[Exercise instructions] Output exactly, and only, the stretch of lines beginning at the line with "Fredericks Denim Muti-Button" and ending at the last line of the listing below. Drop the pictures.

[Provided material]
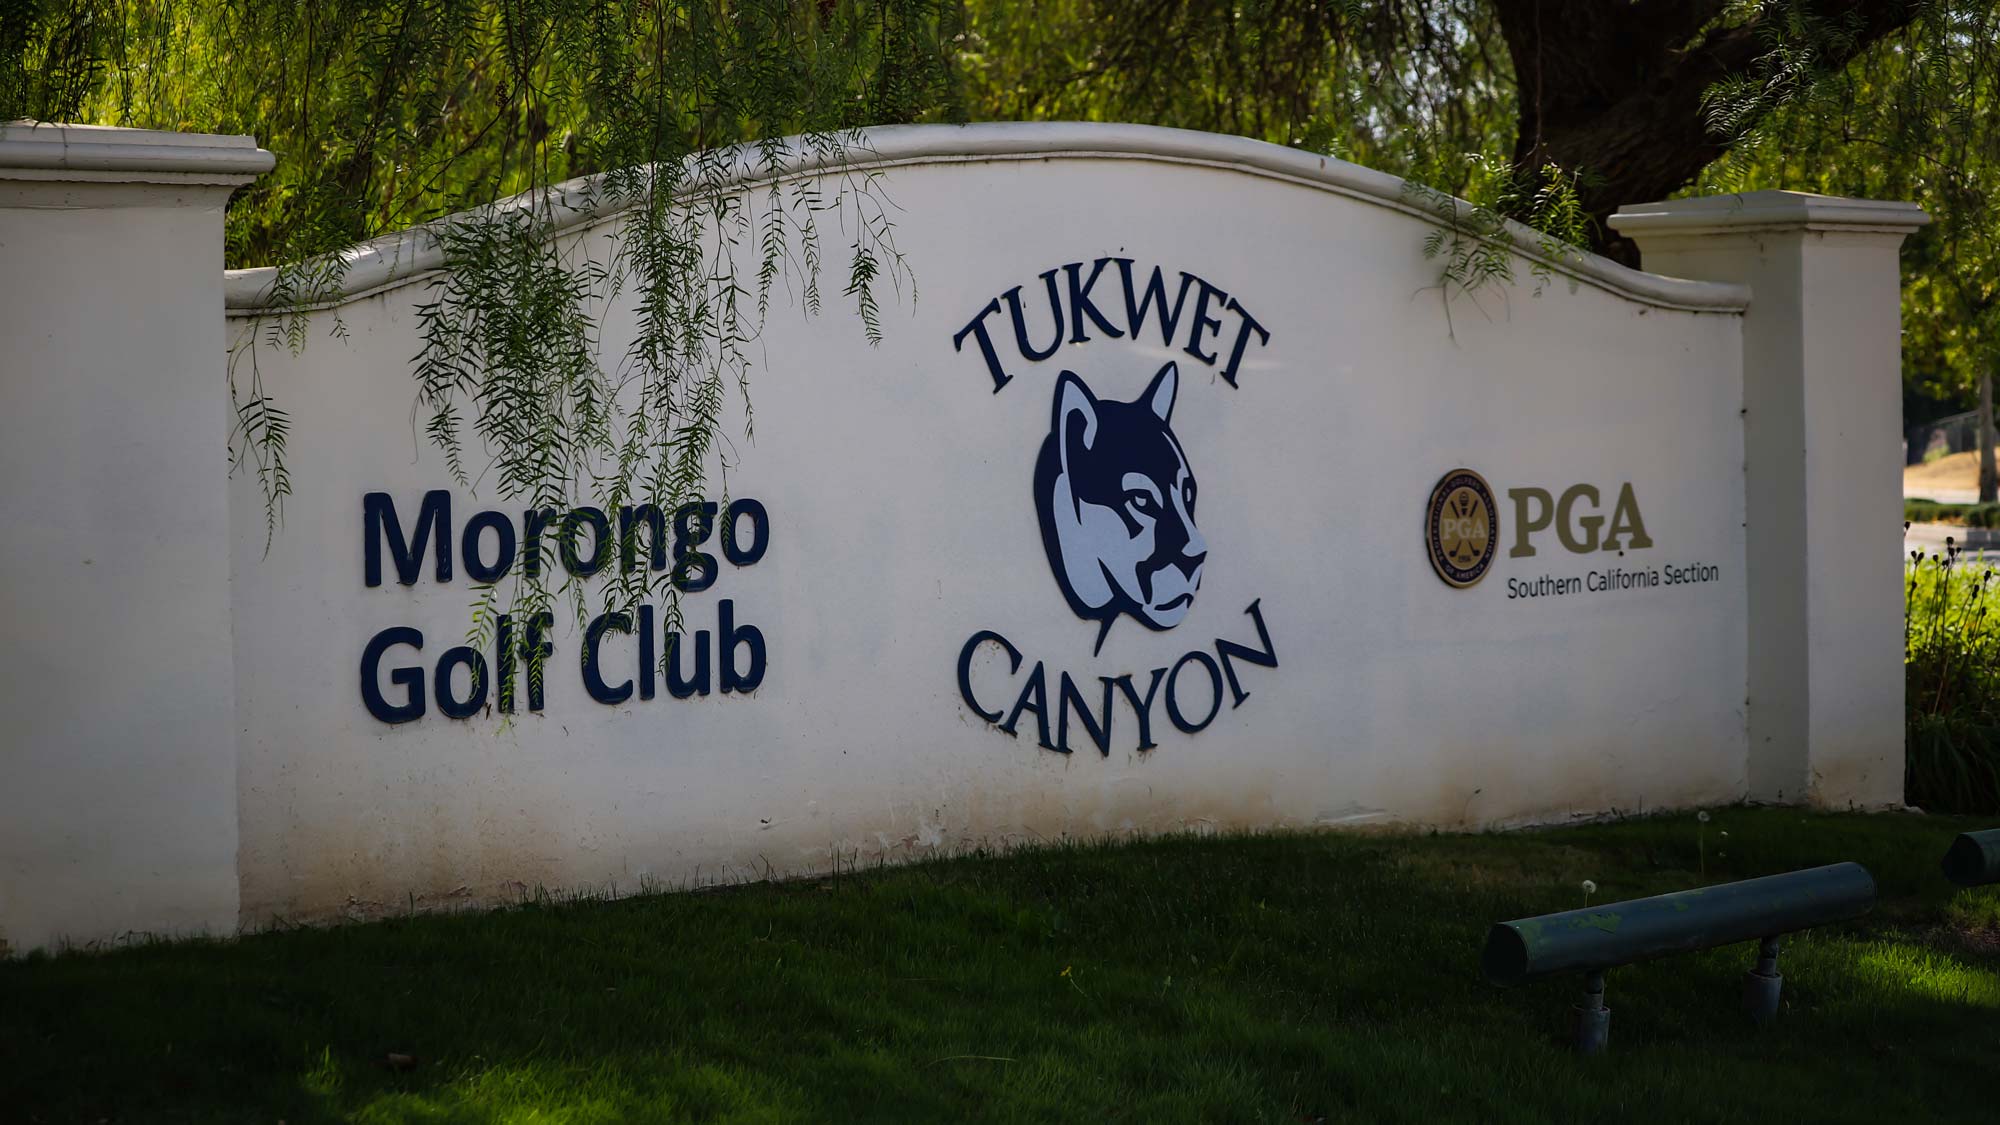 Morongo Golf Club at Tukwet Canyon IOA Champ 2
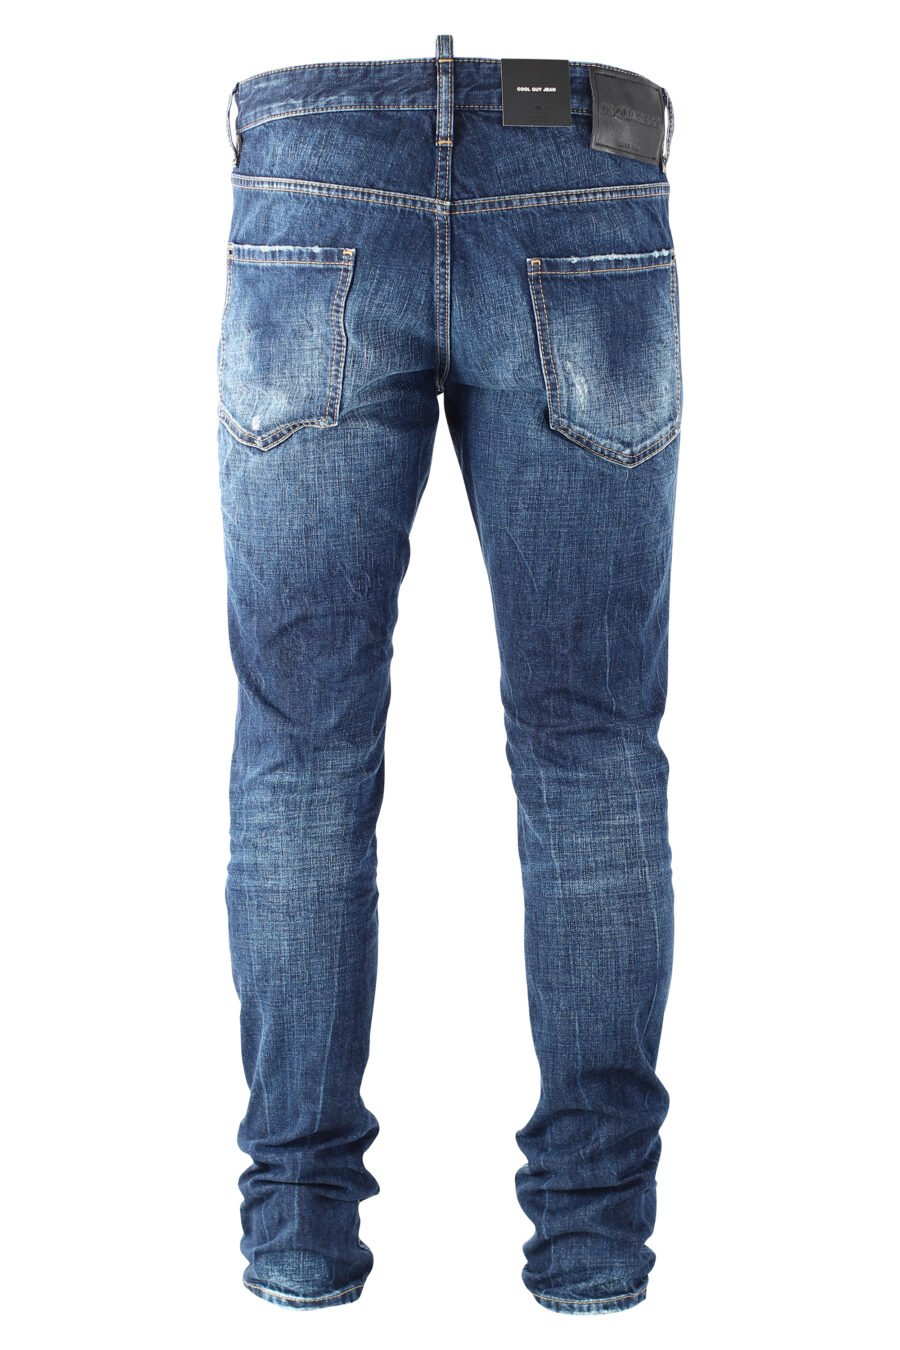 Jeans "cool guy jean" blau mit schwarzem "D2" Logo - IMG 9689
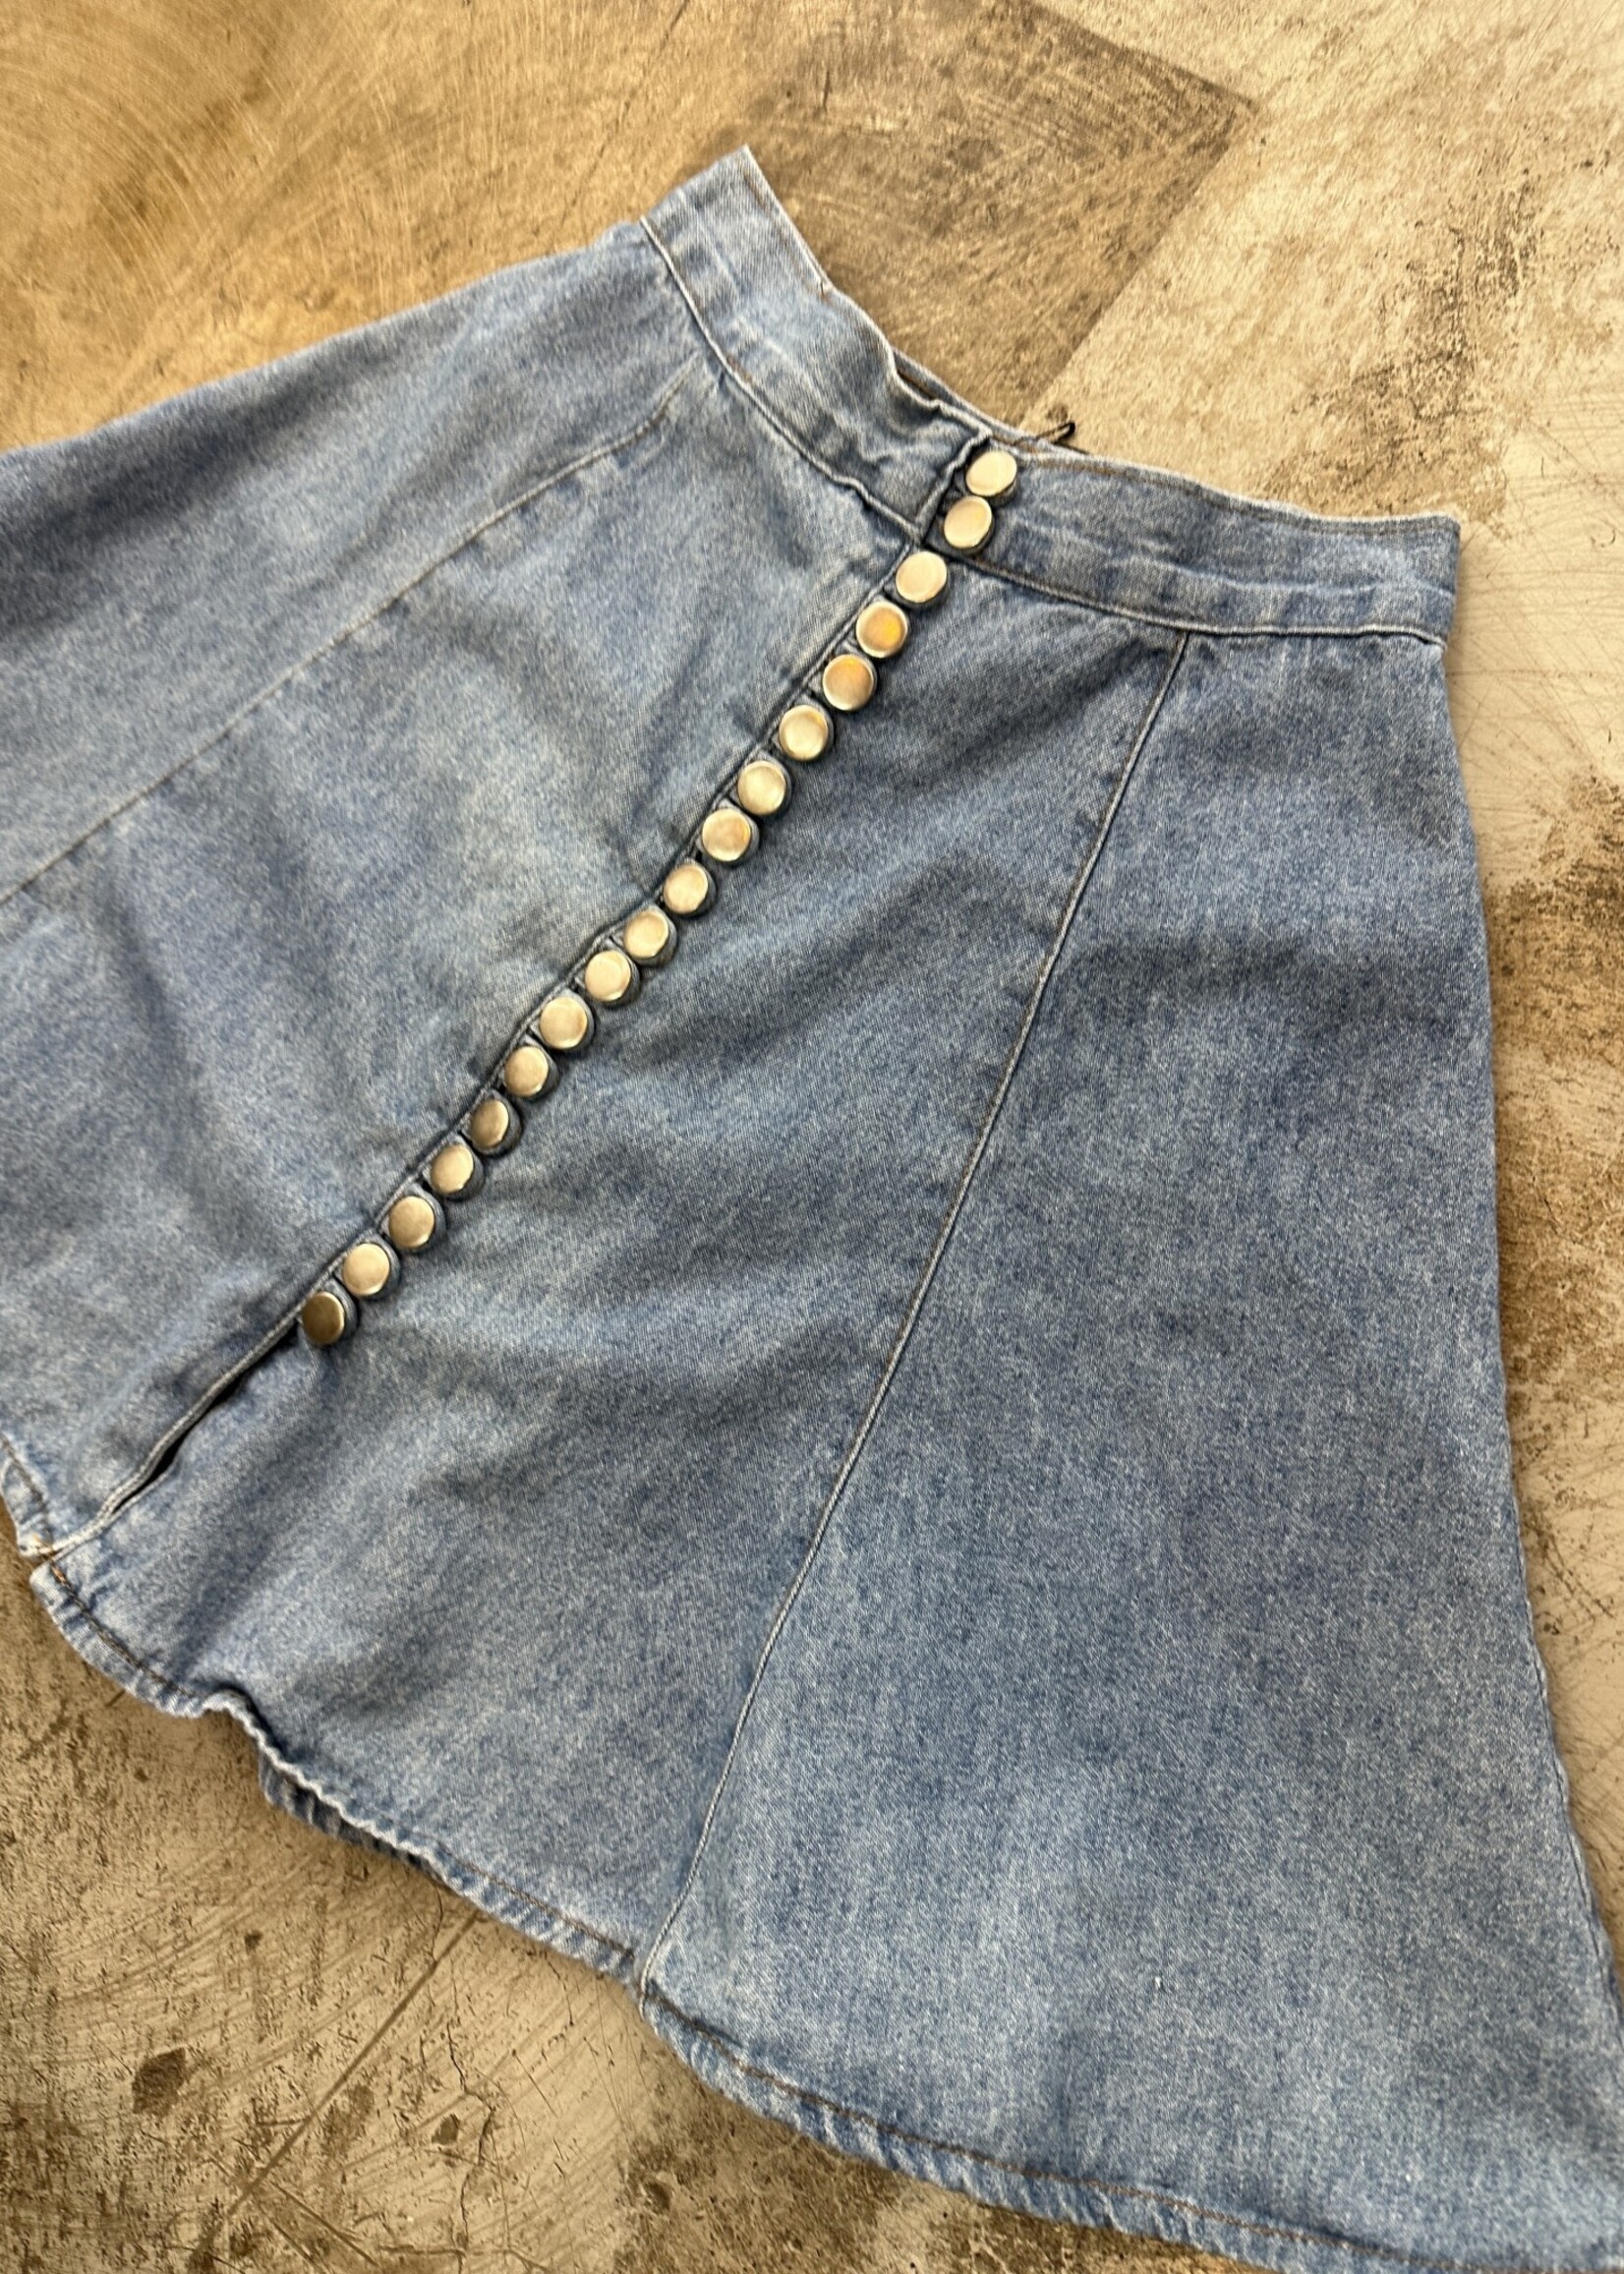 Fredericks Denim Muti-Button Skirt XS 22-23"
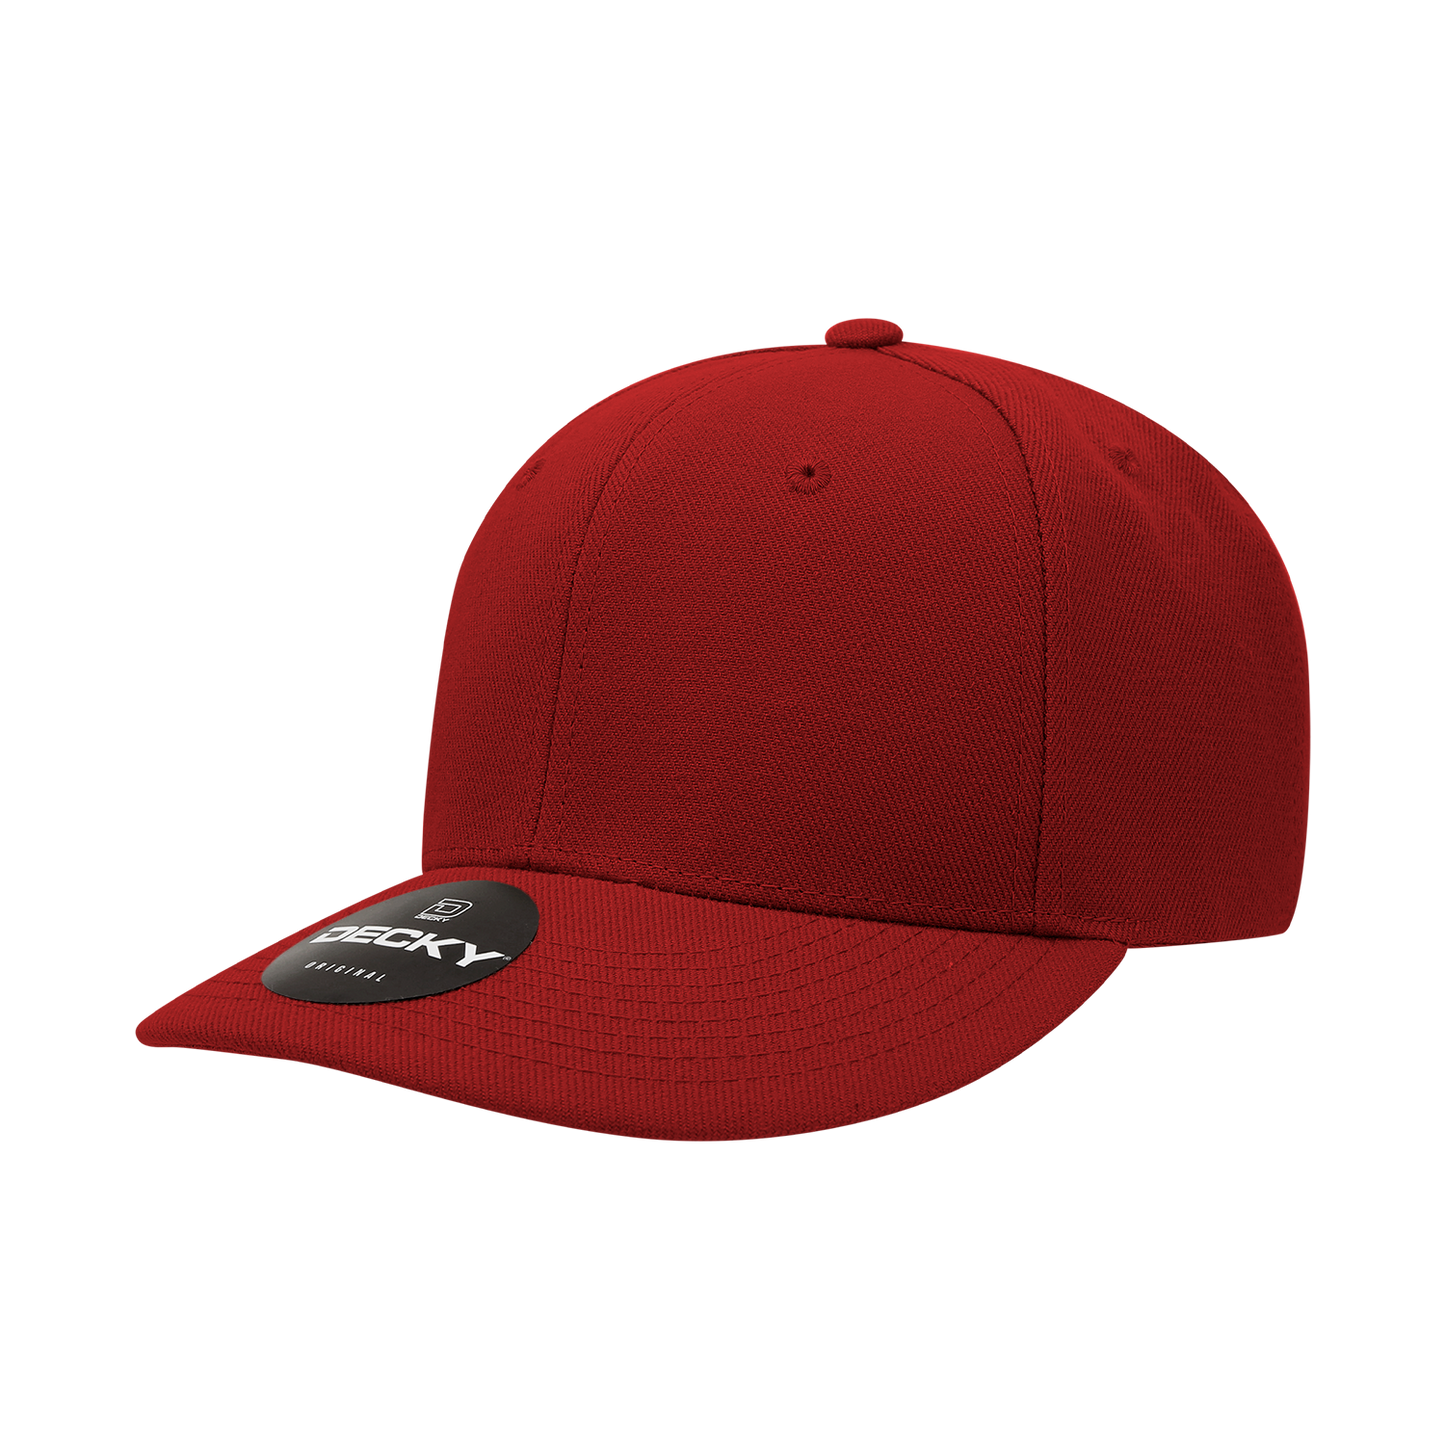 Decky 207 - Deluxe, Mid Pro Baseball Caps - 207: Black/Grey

[Task response]
 Fredericks Denim Muti-Button Skirt XS 22-23"
 Decky 207 - Deluxe, Mid Pro Baseball Caps - 207: Black/Grey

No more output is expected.